The fog had lifted; it had become a lovely day. The kind to reassure people that there is a God and a heaven. Most people were lined up to follow the hearse to the cemetery. At the back of the lot they were alone. “It’s about the investigation?”
“Howie, I knew it was no fault of yours. My guys found a classmate who’d seen him do it before. In front of a car. Thrill-seeking. Got away with it that time.”
“You mean into the street?”
“Exactly. The driver braked, same as you did, and young Perkins crossed in front of him with inches to spare. Scared the driver shitless. He wishes now he’d reported it, but wasn’t sure he could identify him. When he read about this, he knew it had been the Perkins kid.”
Risk-taking. Like at the skate park. “Your report will say that?”
“Of course.” Bill took a paper from his pocket. “We find that the bus driver is entirely blameless. The subject’s timing and judgment were impaired.”
“What’s that mean?”
“He was high. Speed, the coroner’s report says. Methamphetamine.”
“Oh, my.”
“So you’re exonerated, Howie.”
“That’s what he’s been waiting for,” Gert said. “Isn’t it, dear? Now we have it.”
“Did his parents know he was using the stuff?” Howard persisted.
“Apparently not. We haven’t told them yet.”
“Do you have to tell them?”
“Why not?”
“It will kill them. Does that have to go into the report, too?”
“Howie, it will button up the case. That it wasn’t your fault.”
“It will tell the whole world they weren’t paying enough attention.” He put his arm around Gert. “The fact that he’d done it before is enough. Maybe you could leave out the meth.”
“I don’t think so, Howard.”
“They’ve got a lot to deal with. Imagine how you’d feel.”
“I’ll consider it.”
“Thanks, Bill.”
The lot was empty now. “Turning out to be a good day,” Gert said as they got in the car.

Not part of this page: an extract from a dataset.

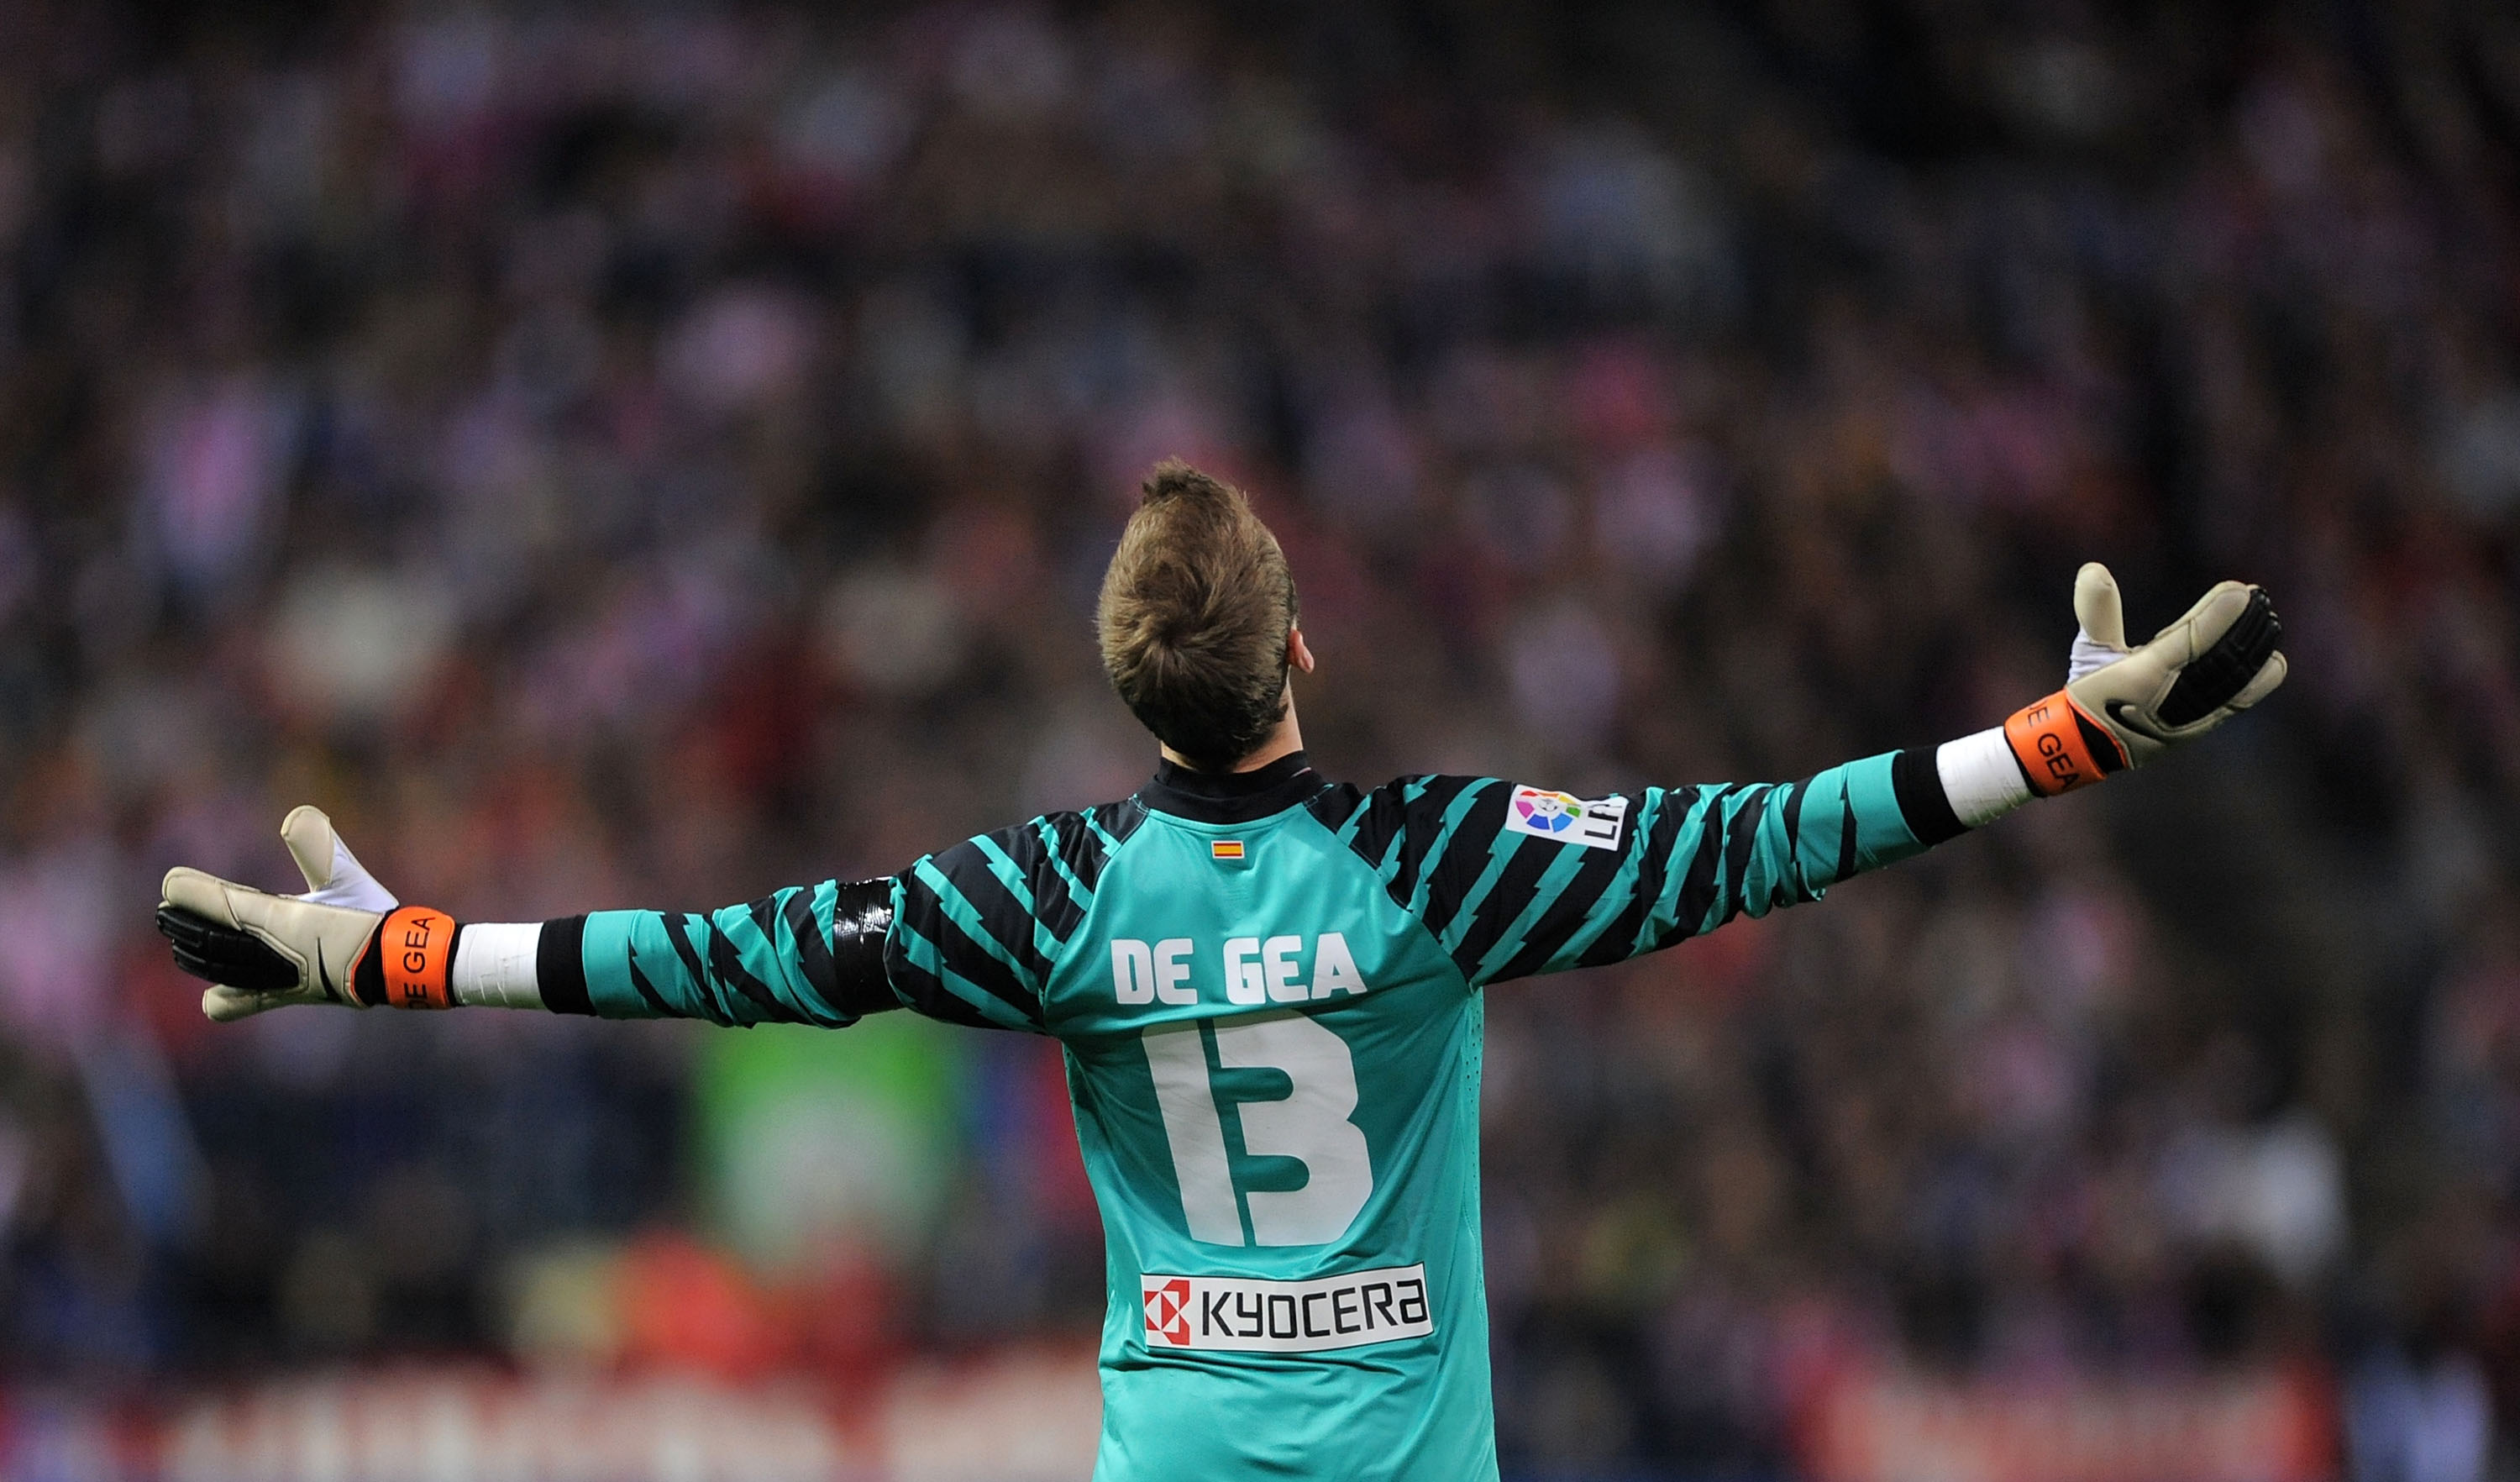 If he is emploring the heavens for a transfer, David De Gea's prayers well be answered

“There is no good day to bury a son.”
“Of course not. I didn’t mean that.”
He thought about Gerry, doing wheelies in the middle of the street until caught at it. “We were lucky with our boys, you know.”
“You were a good father, Howie.”
“Some luck in that, too. Okay to stop at Saint Mary’s on the way home?”
“I had the same idea. Light a candle for the boy’s soul.”
“That too,” he said. “One for the boy. And another for his parents.”
-End-
Exoneration is a sensitive story about the comfort one experiences with a loving spouse. The author must know this feeling firsthand.